The interferometer scans and generates an interferogram. The plot is signal vs. optical delay. As the delay is scanned, the signal appears as an AC function with a frequency domain lying between zero and 5000 hz (in a sense this statement is not accurate because the frequency range depends on both the wavelength of the radiation AND the scan speed. The range I quote is typical of current practice). If the laser is sinusoidally varied in intensity at an intermediate frequency – say 500 hz then mixing occurs and three interferograms are produced – the normal one and two others shifted upwards or downwards in frequency by 500hz.

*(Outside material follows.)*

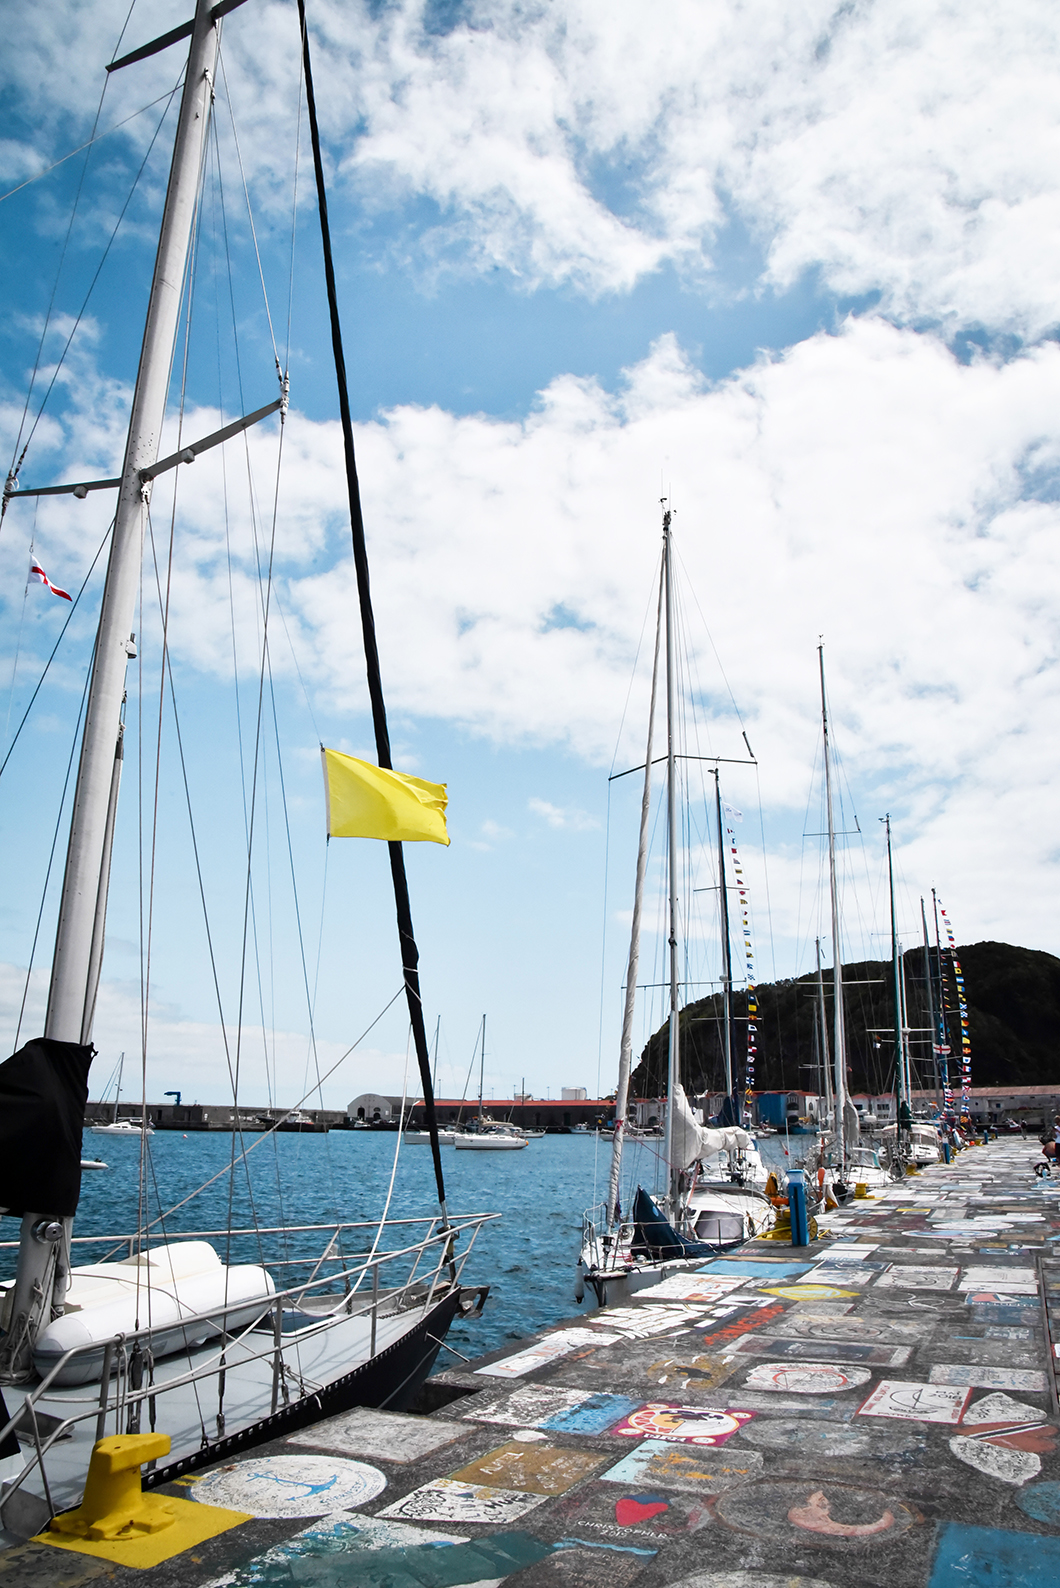 Les bateau de la Marina de Horta à Faial dans les Açores
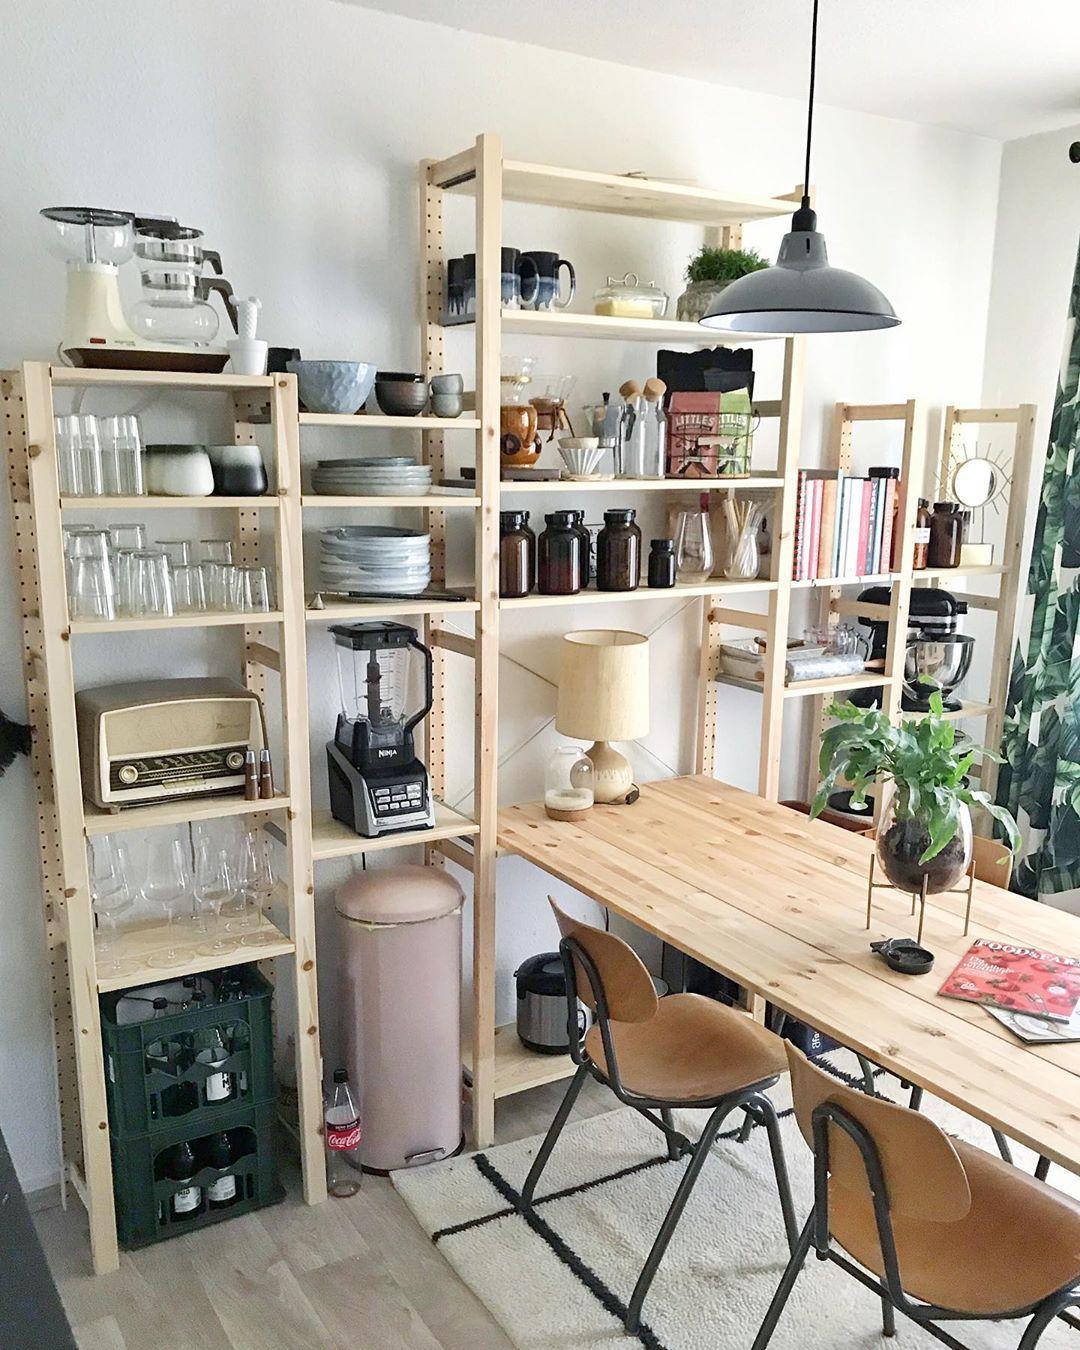 Desain Interior Dapur Minimalis Unik dengan Rak Meja Kayu Jadi Satu

If the sample is emitting (a continuous process) only the central one contains information about the emission, the shifted ones ignore the emission. In Figure 6, I show a spectrum taken from Bob’s paper. As you see, it really works. Oddly however, the instrument manufacturers haven’t taken it up and to my knowledge no-one currently offers the kit and software to take advantage of what seems to me a really clever idea.

References

  1. P.J. Hendra, C. Jones & G. Warnes, F-T Raman Spectroscopy, Ellis Harwood 1991, Chichester UK. Pages 66-72.
  2. D.J.Cutler & C.J. Petty, Spectrochim. Acta 50A, 1159 (1994).
  3. R. Bennett, Spectrochim. Acta 50A 1813 (1994)

REF: P.J. Hendra, Internet J. Vib. Spec.[www.irdg.com/ijvs 5, 3, 4 (2001)